#### Problem description:
Repeat each entry as written and leave the images out of the copy.
-------- Provided entries --------
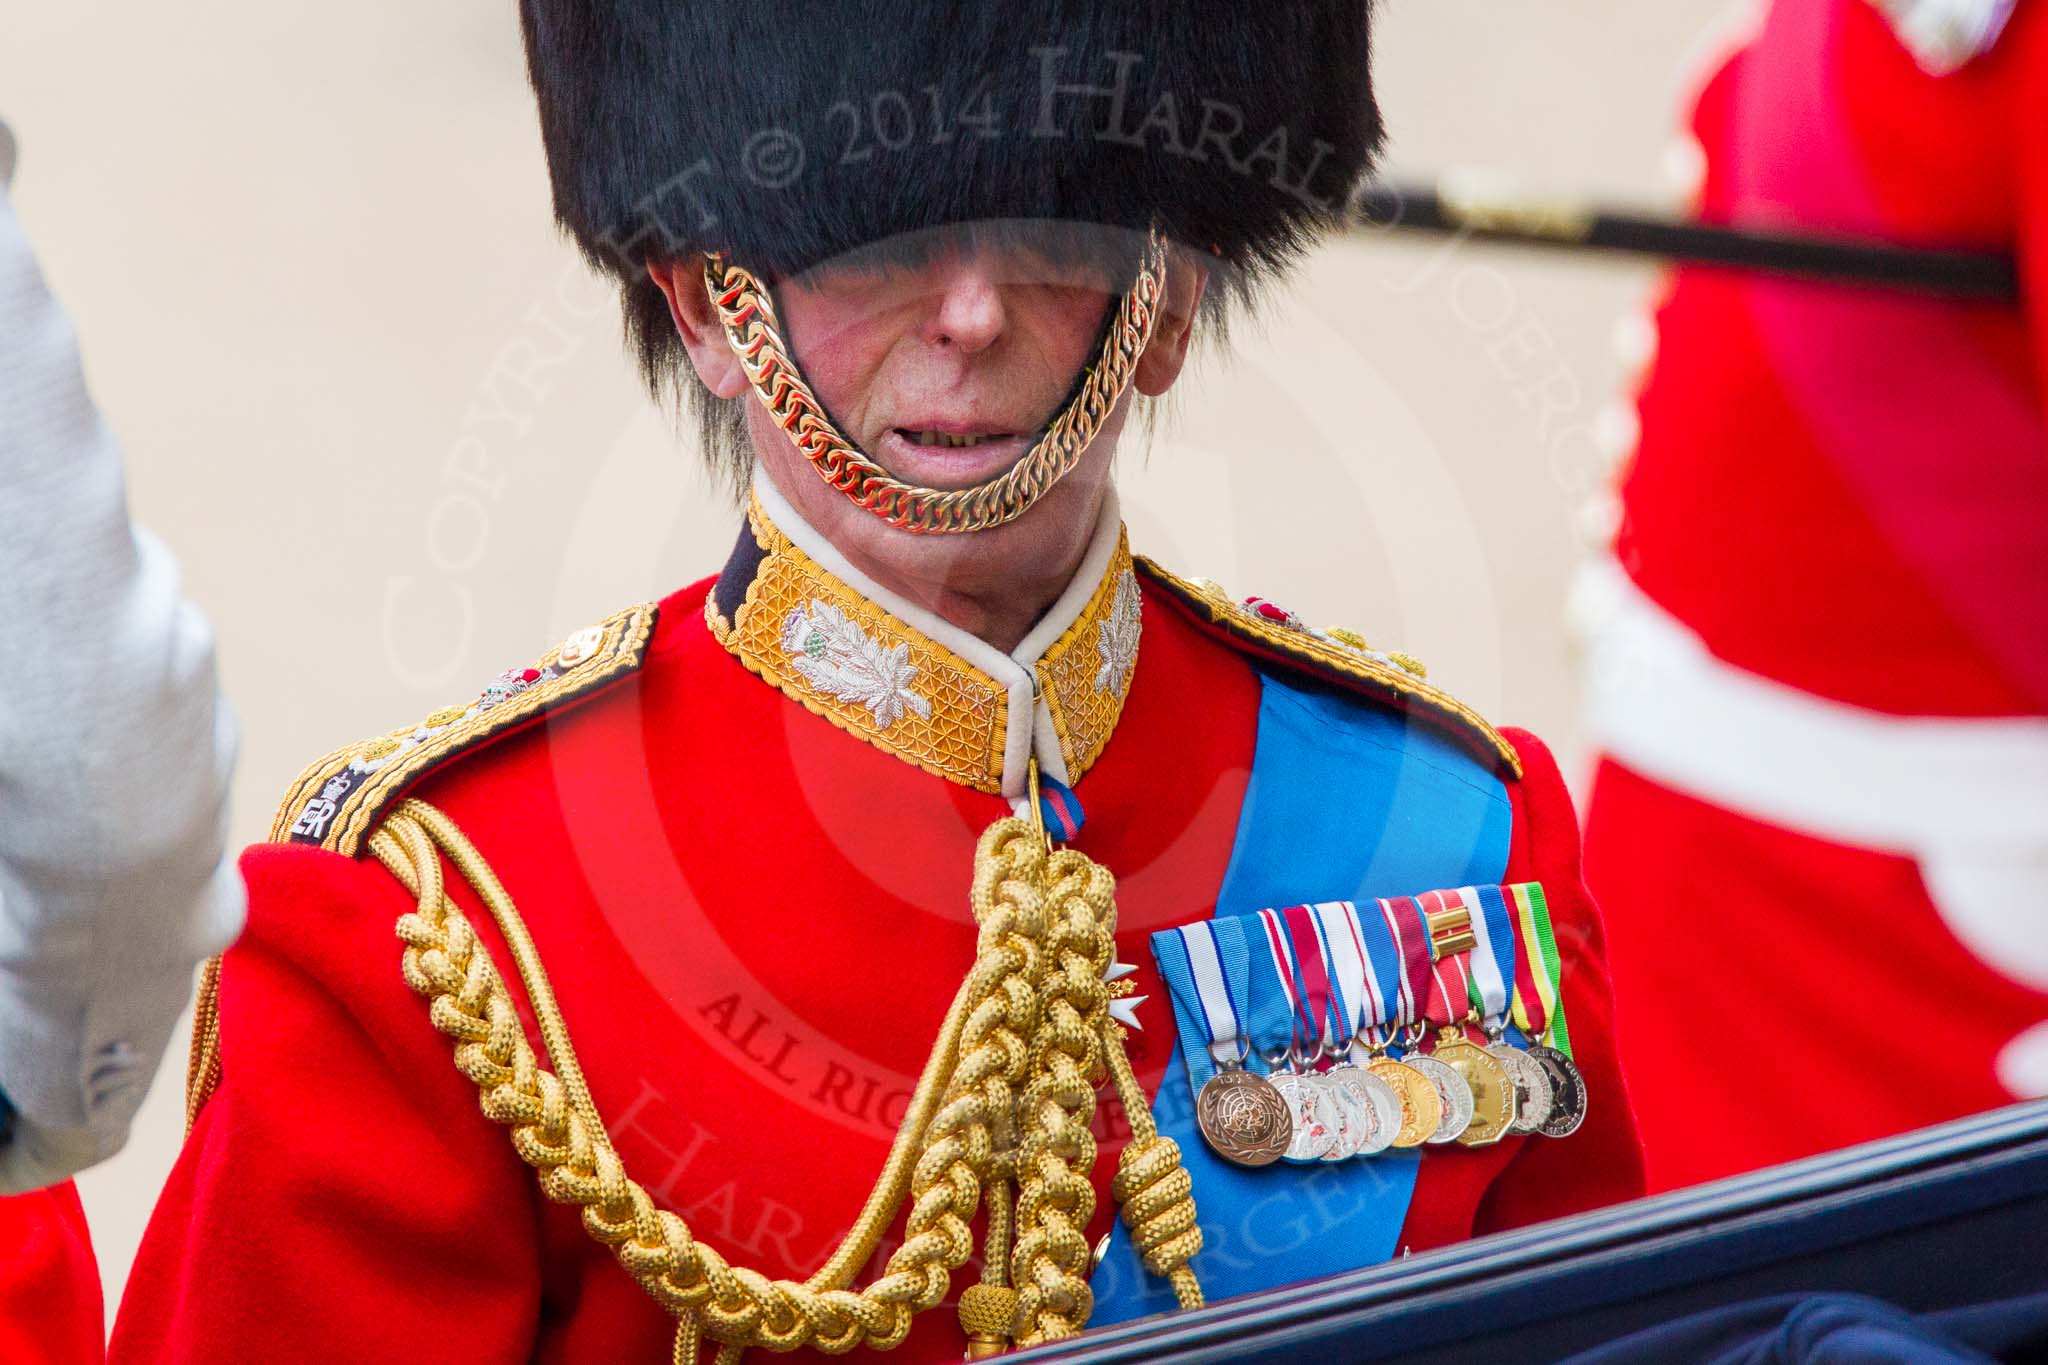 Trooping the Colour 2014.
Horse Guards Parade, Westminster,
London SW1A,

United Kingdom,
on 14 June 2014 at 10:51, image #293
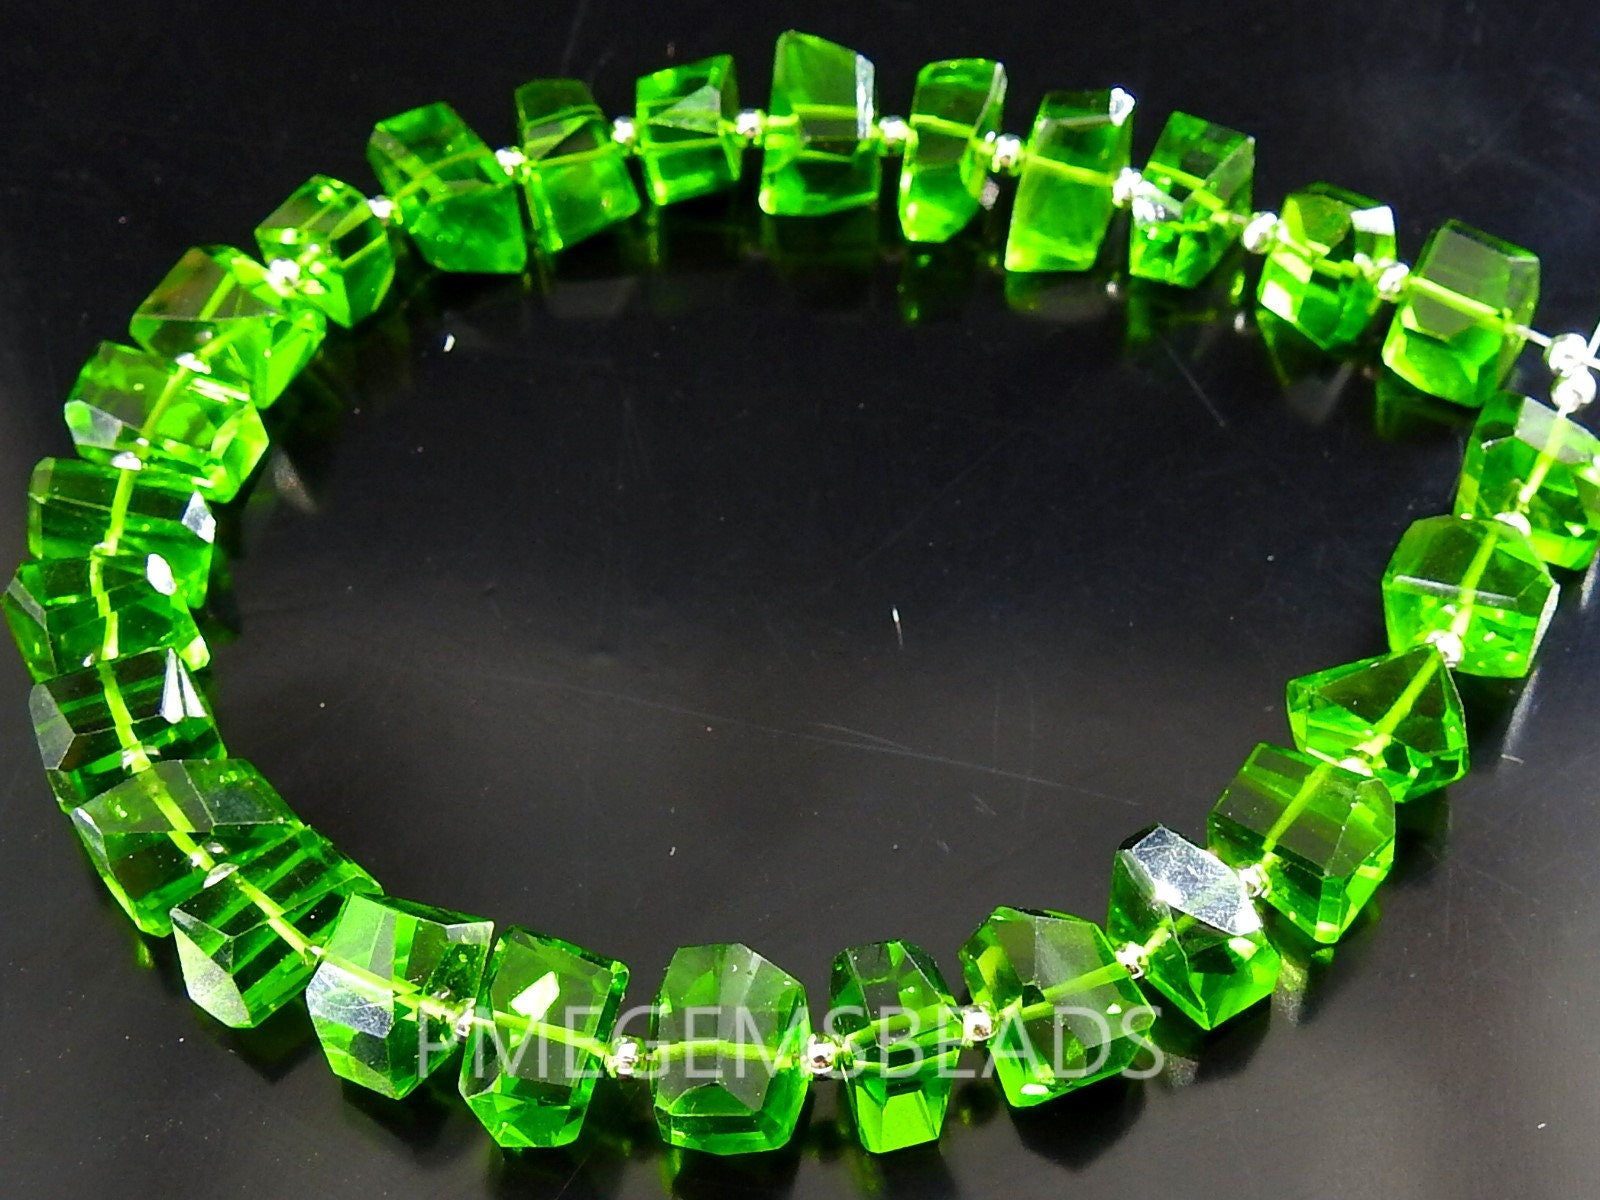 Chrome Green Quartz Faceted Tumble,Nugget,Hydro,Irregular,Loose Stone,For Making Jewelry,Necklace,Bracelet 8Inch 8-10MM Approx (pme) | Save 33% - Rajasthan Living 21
--------
#### Result of this task:
 Trooping the Colour 2014.
Horse Guards Parade, Westminster,
London SW1A,

United Kingdom,
on 14 June 2014 at 10:51, image #293
 Chrome Green Quartz Faceted Tumble,Nugget,Hydro,Irregular,Loose Stone,For Making Jewelry,Necklace,Bracelet 8Inch 8-10MM Approx (pme) | Save 33% - Rajasthan Living 21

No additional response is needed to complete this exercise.